You guys, at the end of the day no matter how important your job is or how integral you are to getting a project done, there is no corporation, no organization, no company on earth that is going to remember 10 years from now how you ‘took one for the team’ and came into work instead of staying at home to take care of your sick baby. Sick days never destroyed an entire career, I promise.
Having a housekeeper
Hey, if it’s in the budget there is absolutely no shame in getting some help around the house. Not having to deep clean toilets every other weekend freed up time and energy for me to spend quality time with my family. Plus, it was an amazing reboot every couple of weeks to come home to a fresh, clean house and helped me to relax more. And we all know if mama’s happy, everybody’s happy!
Eating out
I know we have the best of intentions to meal plan and utilize those amazing Crockpot recipes that seem so effortless, but some days it just doesn’t get there! I remember a time when I had it all together: a seasoned chicken, stuffed with oranges and the best spices you can think of, so beautifully arranged in the Crockpot. I’d gotten it all ready before the kids even got out of bed. I was so proud to have been so on the ball, but when I came home expecting to the smell of home cooked deliciousness, I realized that I’d forgotten to turn the crockpot ON. Yeah. Wasted chicken. Off to Chili’s we go, kids.

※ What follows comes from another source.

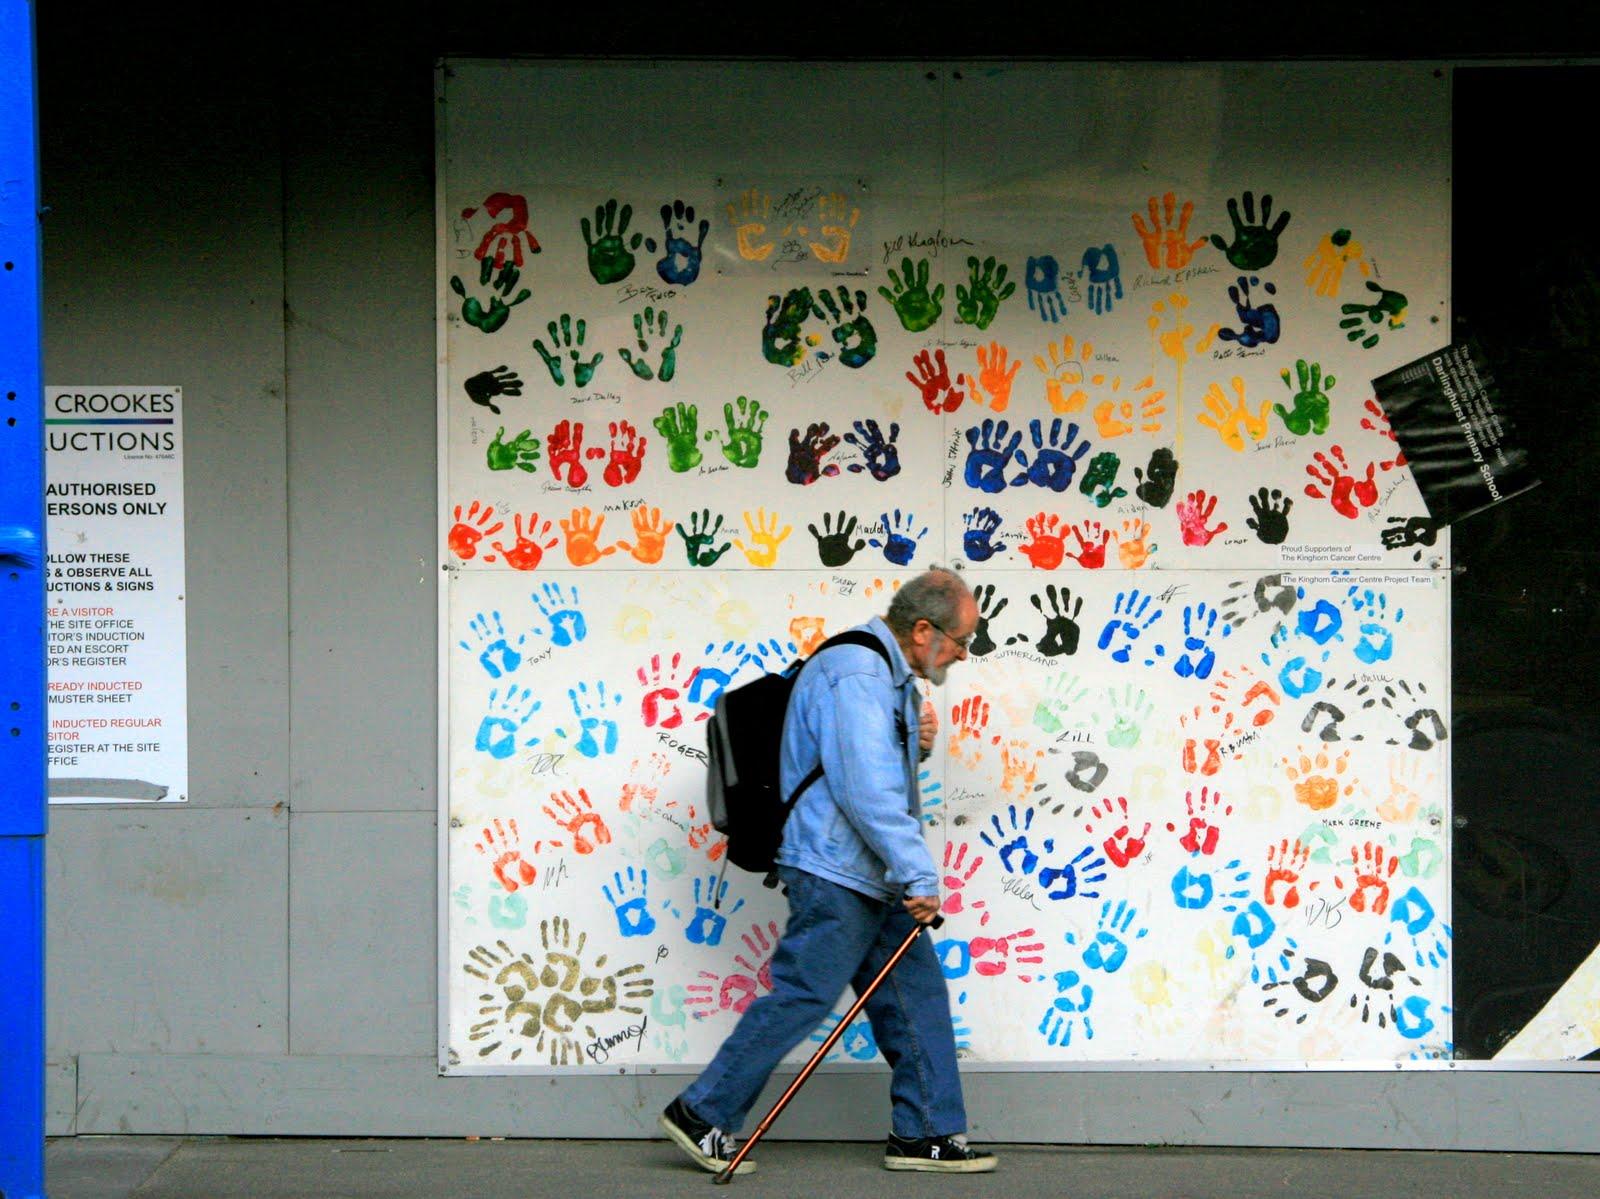 Sydney Eye: Helping hands, healing hands

The occasional meal out was refreshing for my family and allowed us to have some time to talk and enjoy each other without distractions or a tired mom who slaved over the stove for 15 whole minutes to make macaroni & cheese (what?).
Taking Time for Yourself
Alone time is so important for your overall health! I read recently that taking care of yourself is part of taking care of your family.
I don’t care if you work 60 hours a week and only get 6 quality hours of time with your kids on the weekend, take time out for yourself at least once a week. Take a bath, read a book, go out with friends. It will make you a better, more rested person and a better mom.
Not being “Room Mom” (or Den Leader, or Team Coach….)
I’m not talking about going on the occasional field trip or classroom party, or even being involved on a semi-regular basis, but you do not have to be the room mom or the leader or organizer of anything. The important thing is that you support what your kids are passionate about. For me sometimes that can just mean getting them to practice on time and with a belly full of dinner (from a restaurant), and that’s enough.
Rest in the fact that you can’t do it all. I promise you’re not a bad mom. The important things will still get done. You won’t miss out if you just take a breath, relax, and realize that you’re just enough!